When I was a kid and my parents would go out for the evening, we usually got McDonalds for dinner. They would shower etc. to get ready, and I remember my dad being in his robe, mixing a drink and waiting for my mom to get ready, and I remember the smell of his cologne which he would always wear on those evenings.
Another thing I remember: he would take some of our fries.
For you youngsters, you should know that this was before the age of supersizing. All you could get were small or big fries (and we always got small), and at that time the small fries were about 4 oz. Which is not a lot of fries, when you get down to it.
So when dad would reach over and help himself to a few of those precious fried potatoes, I remember getting so annoyed. Why did he always have to eat my fries? Why couldn't they just order an extra bag of fries for him to eat? Grrrrrr.

Well, I'm now on the other side of that great divide. We're up skiing with some friends, and last night we went out to dinner at a nice place and the kids all ordered dessert. The Boy got some flaming banana thing that came with ice cream, and after a while I asked for a bite of the ice cream. (Me no like banana desserts.) The Boy said no.
The anger in me rose up immediately. I didn't react, other than visibly stiffen, but was thinking "what a little brat; he's got so much ice cream (there really was a decent amount) and all I wanted was a little bite" etc etc etc. "If that kid thinks he's going to get another dessert during this trip . . . ." etc etc etc. "I just spent $$$ on his lift tickets and ski rentals and he can't give me a crappy spoonful of ice cream ." etc etc etc.
And it made me think about The Fry Wars with my dad.
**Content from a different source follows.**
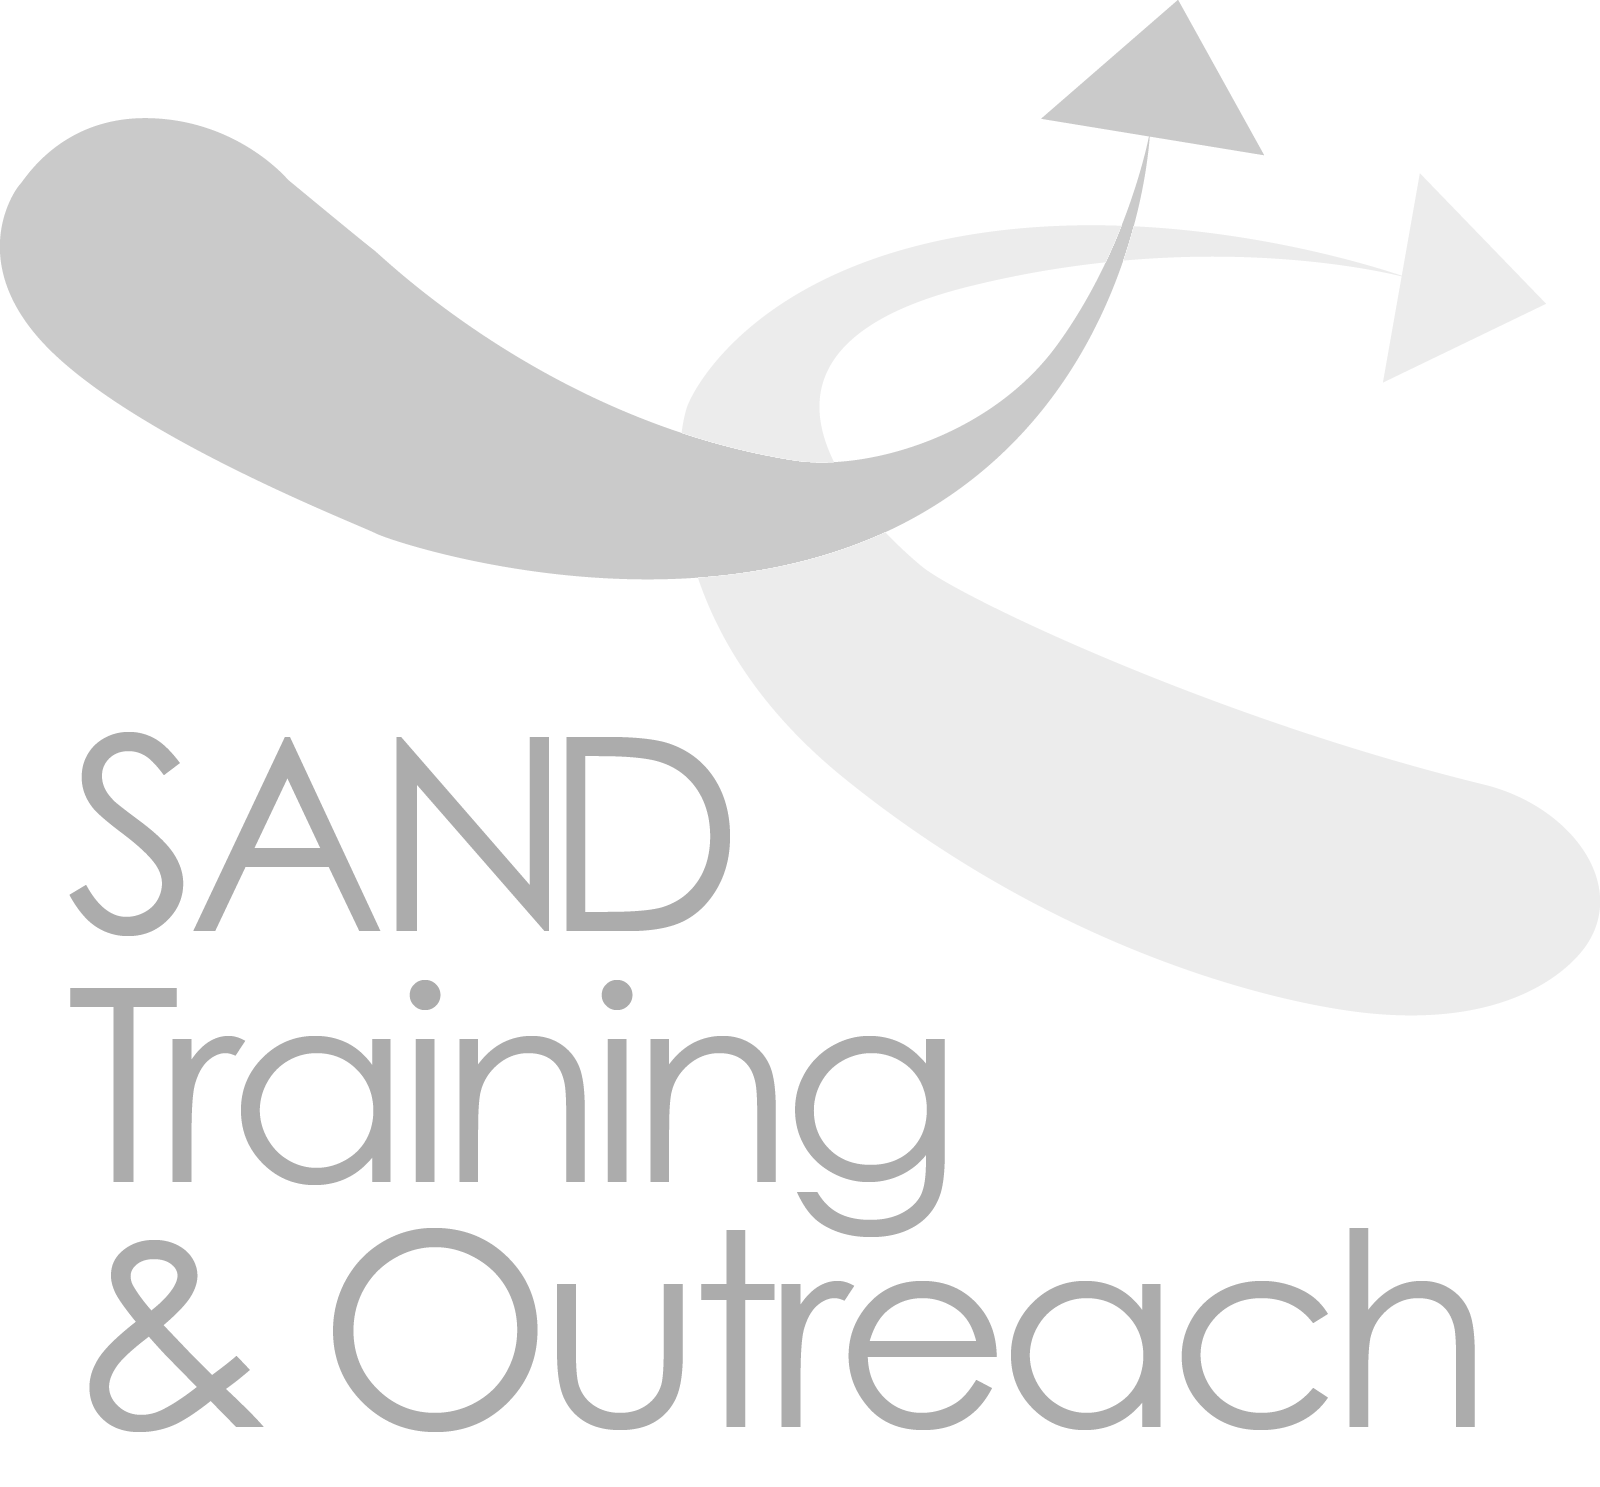 SAND Training & Outreach

I want The Boy to share, but at the same time remember the feeling of wanting the ENTIRE serving of whatever I had. A coke; a bowl of chips; a candy bar; etc. "Why do I always have to share." I think I've learned how to be a pretty good sharer these days, but when you are an adult and can order whatever you want, and have a lot of control over that kind of stuff, I think it is easier. As a kid, when you have to rely upon largesse for whatever you get, it can be a lot harder. I need to remember that.
*****
Skiing yesterday was a bust. It was over fifty degrees and after a couple of runs began raining. Then heavier rain.
Actually, I'm snowboarding, having taken it up at the end of last year. It makes these small midwestern hills a bit more challenging, and evens out my pace more with The Wife and Principessa, who are still relatively beginning skiers. Like surfing on snow.
The wind is blowing outside now, and the cars have a couple of inches of snow on them, so hopefully today we'll have better luck.